Abstract

We present new high-resolution radio observations at 843 MHz of the shell supernova remnants G296.5+10.0 and G327.6+14.6. The remnants show a high degree of bilateral symmetry, both in their emission intensities and in the outer boundaries of the emission. Both remnants show weak emission and indistinct boundaries near the axes of symmetry. We explore various explanations of the symmetry, which is apparent in both the radio and X-ray maps, and extend an old idea that it is the result of the expansion of a remnant into a region with an orderly alignment of the ambient interstellar magnetic field oriented with a substantial component normal to the line of sight. The observations are consistent with a scenario in which the production of the emitting particles is more effective in shocks propagating transverse to the field lines. This explanation rests upon the fact that measurements of collisionless shocks in the Earth's magnetosphere and in interplanetary space show significant differences between the structures of quasi-parallel and quasi-perpendicular shocks and upon the recent work of Jokipii which shows that the relativistic particle acceleration rate will be a strong function of the angle between the shock normal and the field direction. G296.5+10.0, the more evolved of the two remnants shows a distinctly larger diameter along the symmetry axis than across it. This suggests that under certain conditions, the coupling of the kinetic energy of the shocked material to newly swept-up gas may be incomplete for shocks propagating approximately along field lines.
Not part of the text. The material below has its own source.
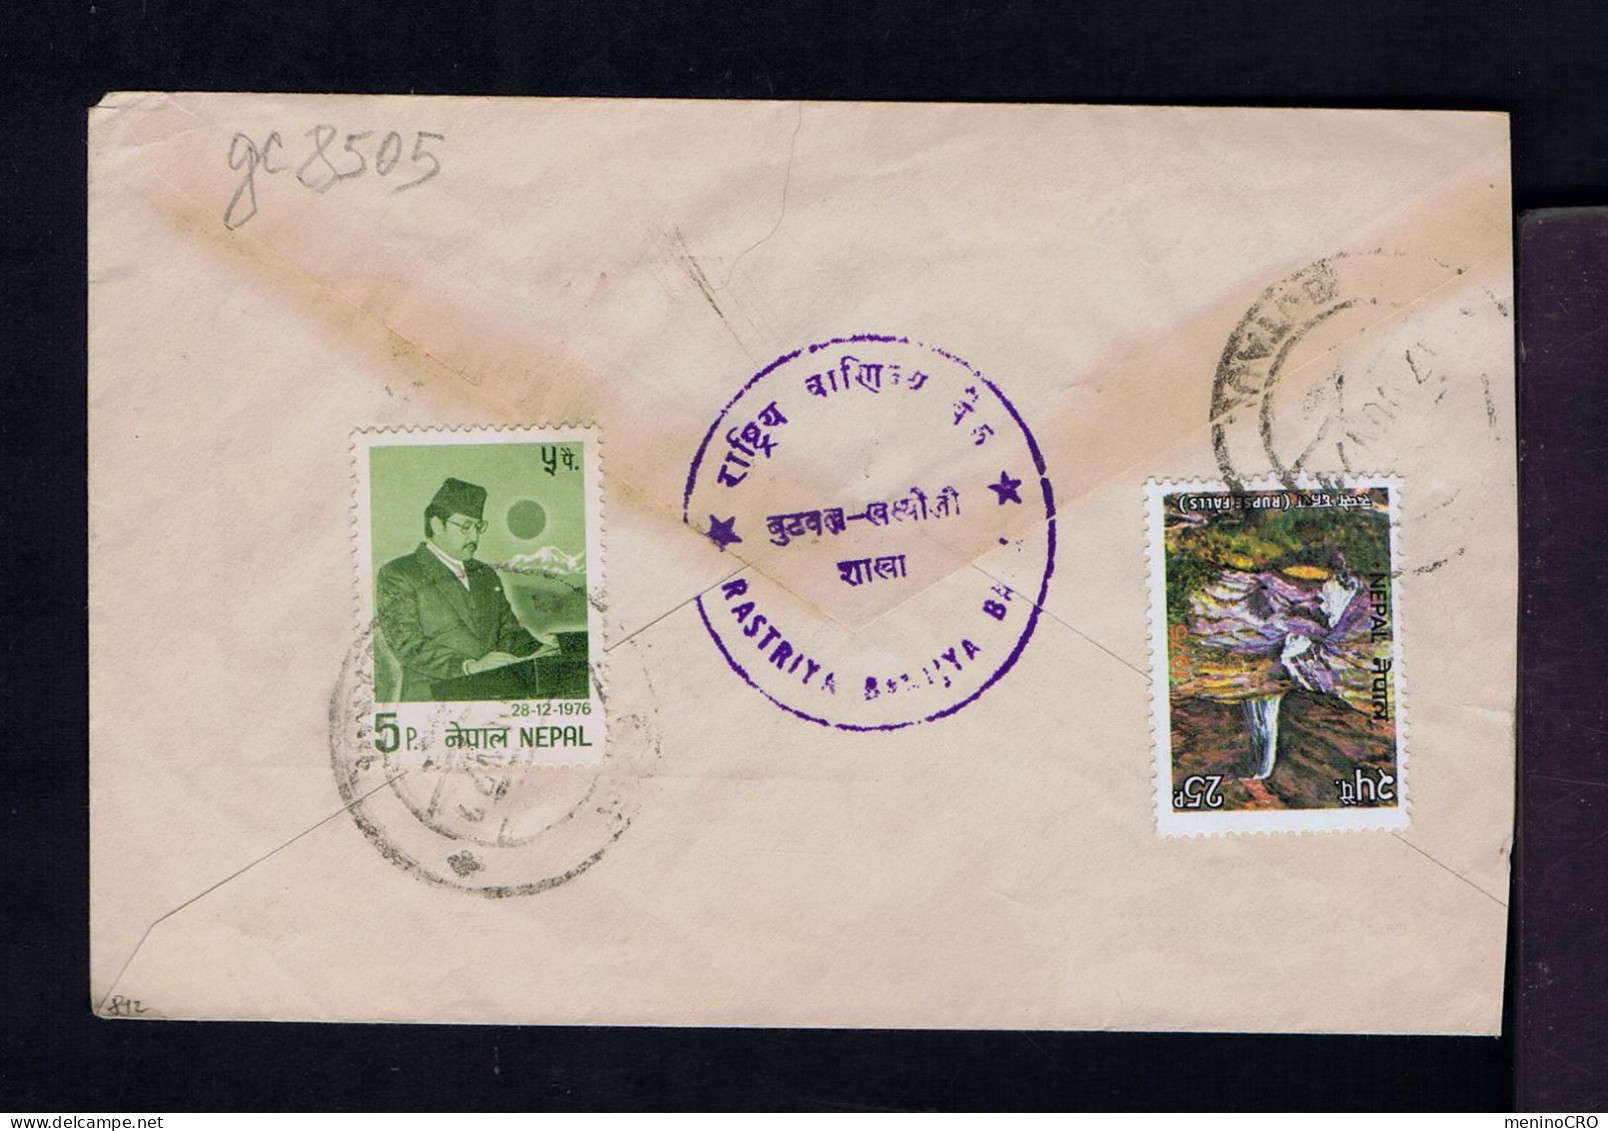 Gc8505 NEPAL "rupse Falls" Landescape Tourisme  28-12-1976 32 Ann. Du Roi Mailed - Familles Royales

These various effects may also be present in low-latitude remnants but may not be easily discerned because of more disorderly magnetic field in the Galactic plane. On the large scale the X-ray and radio emission show similar distributions in each remnant, but with no detailed correspondence of features. The radio emission from G296.5+10.0 shows some fine structure in the form of filaments aligned tangentially to the shell. We interpret the filaments as multiple sheets or crushed clouds seen on edge, partially compressed and cooled yet still too hot to radiate substantially in the visible.